Los acusados utilizaban esta estrategia previa para identificar viviendas sin ocupantes antes de ingresar. Un tercer implicado permanece prófugo, mientras avanza la causa en la Justicia.
Una investigación judicial permitió avanzar sobre una organización delictiva que operaba en el norte del conurbano bonaerense y que había sido vinculada a robos domiciliarios con una modalidad poco habitual. El caso tuvo como punto de partida un hecho ocurrido a fines de marzo en Capilla del Señor, donde una vivienda fue blanco de un ingreso ilegal tras un seguimiento previo.
A partir de ese episodio, la causa quedó en manos del fiscal Juan Manuel Esperante, quien encabezó una serie de tareas investigativas que incluyeron el relevamiento de cámaras de seguridad, tanto públicas como privadas, además del análisis de movimientos y comunicaciones de los sospechosos.
Según se pudo reconstruir, los implicados habrían implementado una maniobra previa para observar la actividad en las viviendas elegidas. La colocación de objetos en la vía pública permitía, de acuerdo con los investigadores, determinar si había presencia de moradores o si la casa permanecía desocupada durante períodos prolongados.
El hecho investigado tuvo lugar en una propiedad ubicada sobre la calle Pellegrini. Allí, tras una primera etapa de observación, los autores ingresaron al predio y lograron acceder al interior de la vivienda luego de violentar un acceso trasero. Sin embargo, la activación de un sistema de alarma interrumpió la maniobra, lo que motivó una salida apresurada del lugar.
Uno de los aspectos que más llamó la atención de los investigadores fue la actitud de los sospechosos al momento de ingresar al domicilio, ya que las cámaras registraron movimientos llamativos que evidenciaban una actitud de despreocupación frente a la posibilidad de ser detectados.
Con el avance de la causa, se logró identificar a un hombre y una mujer, presuntos integrantes de la banda. En paralelo, se estableció la participación de un tercer individuo, quien permanece prófugo y sobre el que pesa un pedido de captura vigente.
Los procedimientos fueron ordenados por la jueza Graciela Adriana Cione y se llevaron a cabo en distintos puntos, incluyendo Parada Robles y Villa Adelina, además de operativos en la ciudad cabecera del distrito.
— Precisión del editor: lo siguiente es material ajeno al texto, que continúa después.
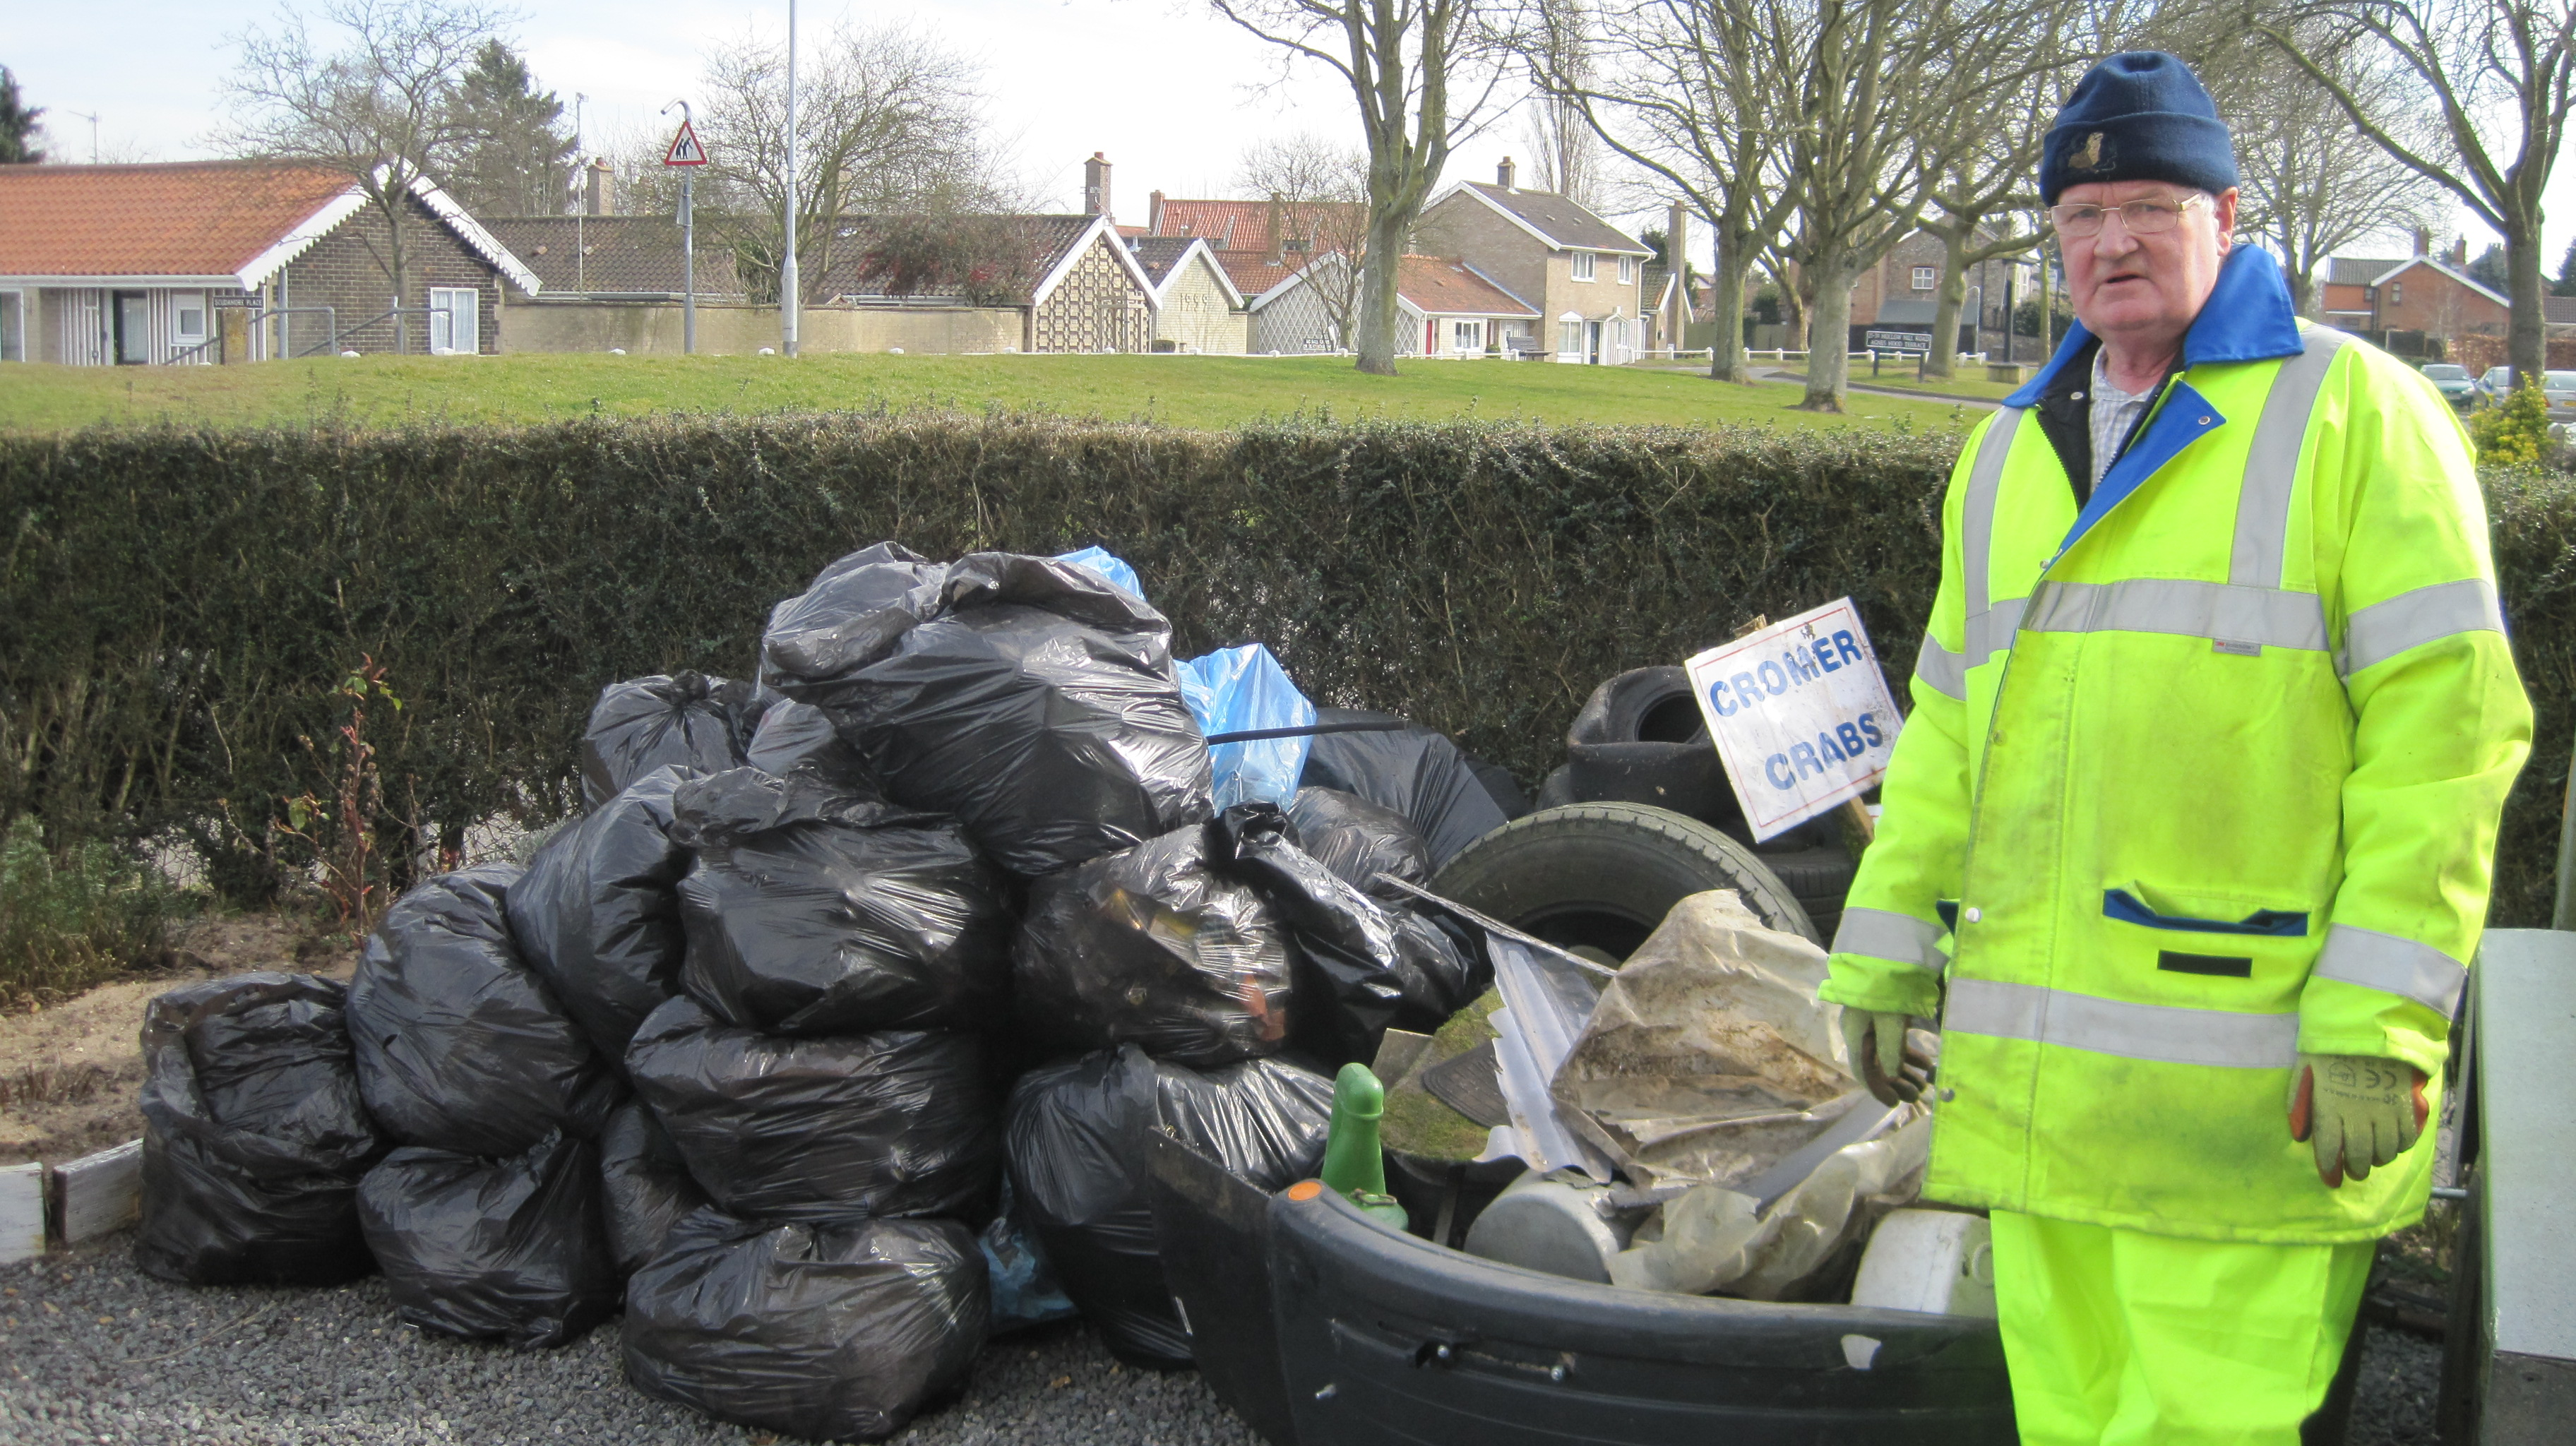 Litter Pick Volunteer 2015

Durante uno de los allanamientos realizados en nuestro distrito, uno de los acusados intentó escapar a pie e incluso se produjo un forcejeo con personal policial, aunque finalmente fue reducido a pocos metros del lugar. En otro de los procedimientos, si bien no se logró dar con el tercer sospechoso, se secuestró un vehículo que habría sido utilizado durante los hechos investigados, elemento que se suma a las pruebas reunidas en la causa.
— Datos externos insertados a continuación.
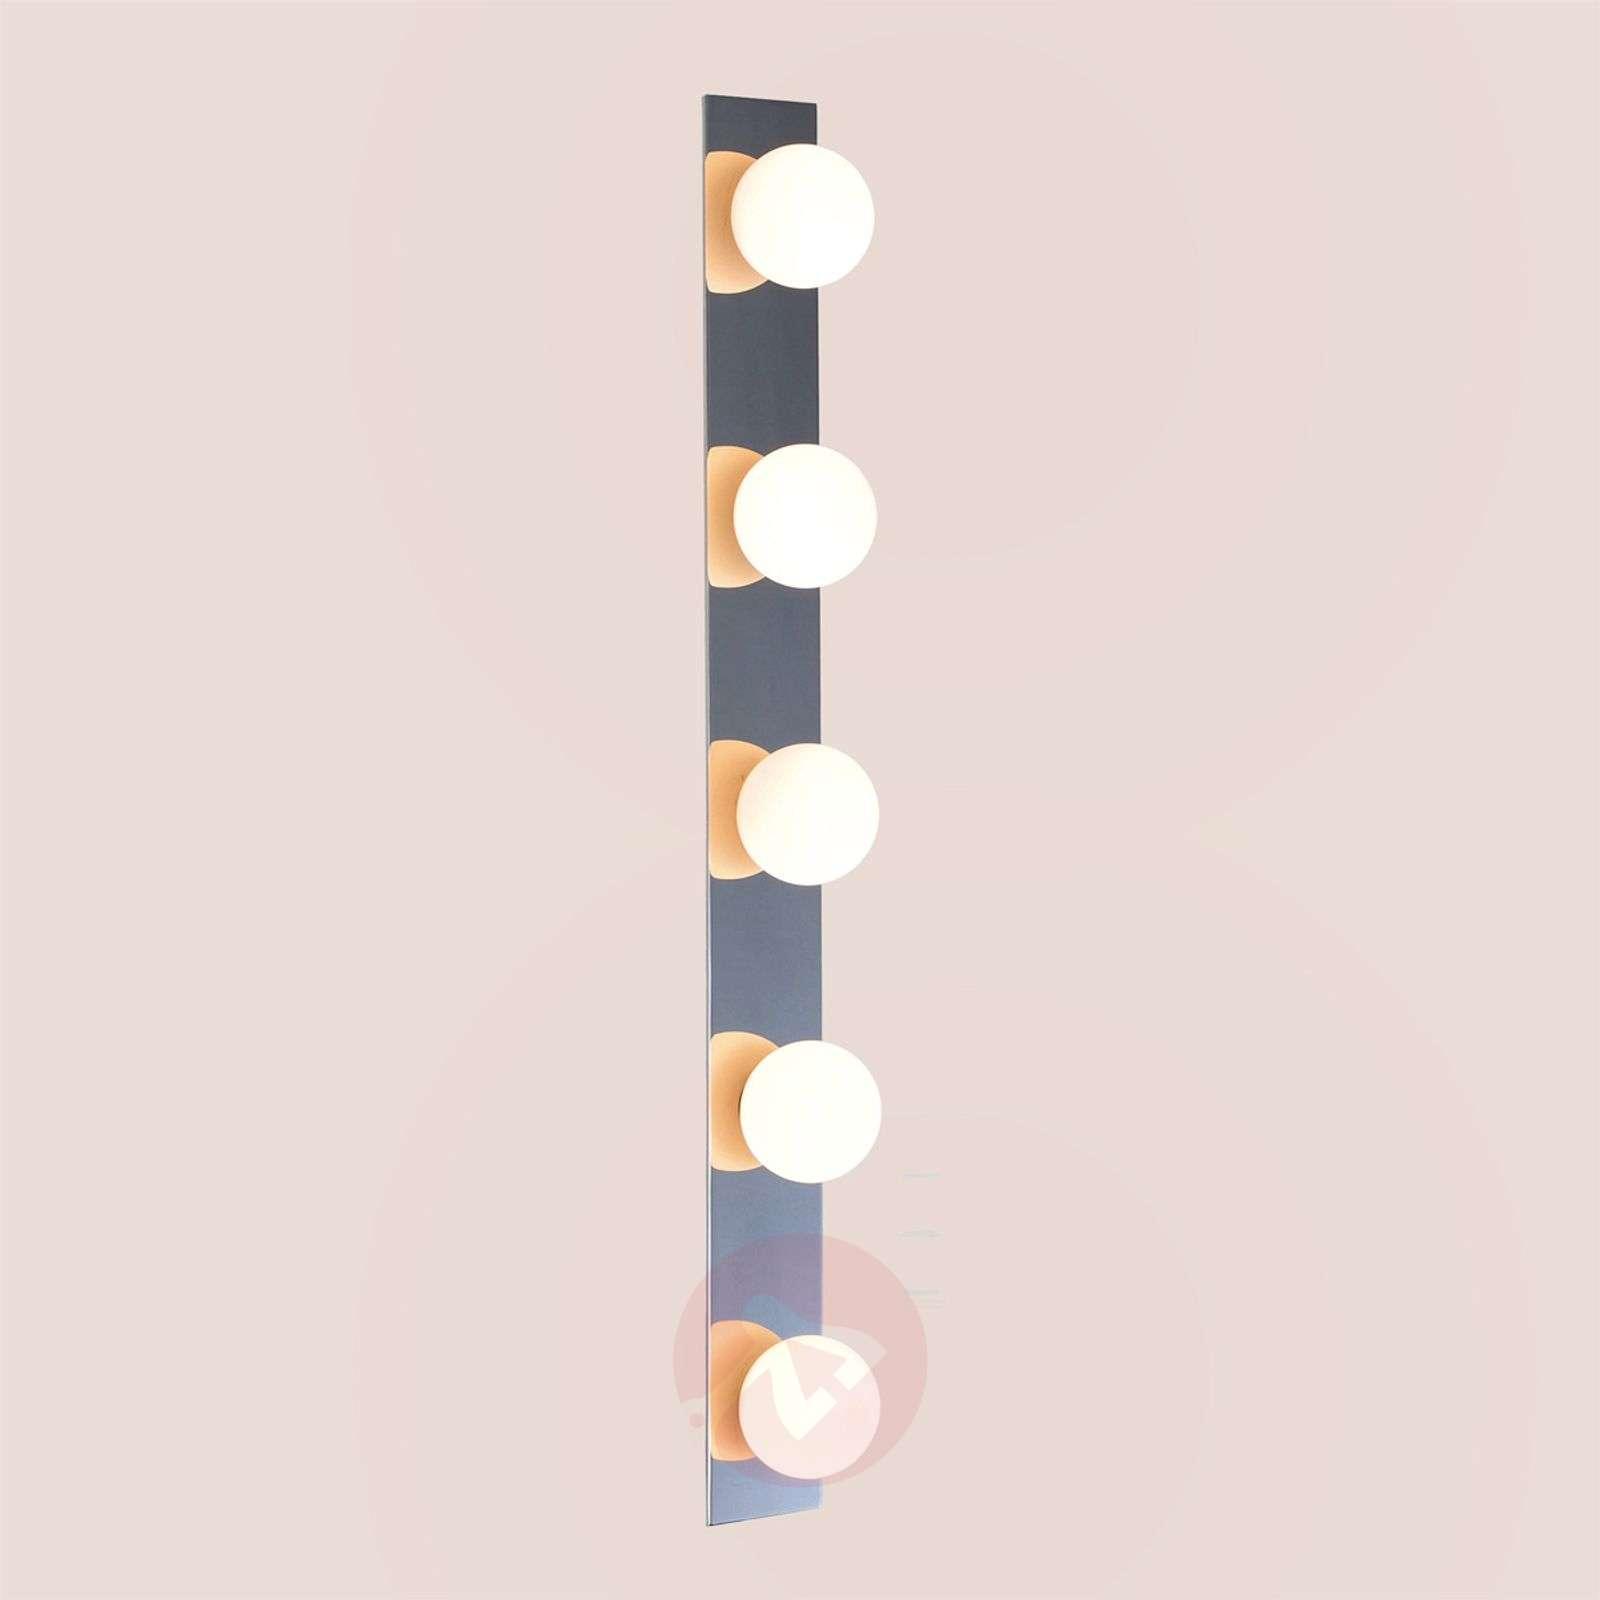 Ball light wall light BULBSTRIP, five-bulb-9020004-01

El expediente fue encuadrado bajo una figura penal agravada, que contempla distintas circunstancias del delito, entre ellas el ingreso forzado, la participación de más de una persona y el contexto en el que se desarrollaron los hechos. La investigación continúa abierta, con el objetivo de dar con el prófugo y determinar si la organización estuvo involucrada en otros episodios similares en la región.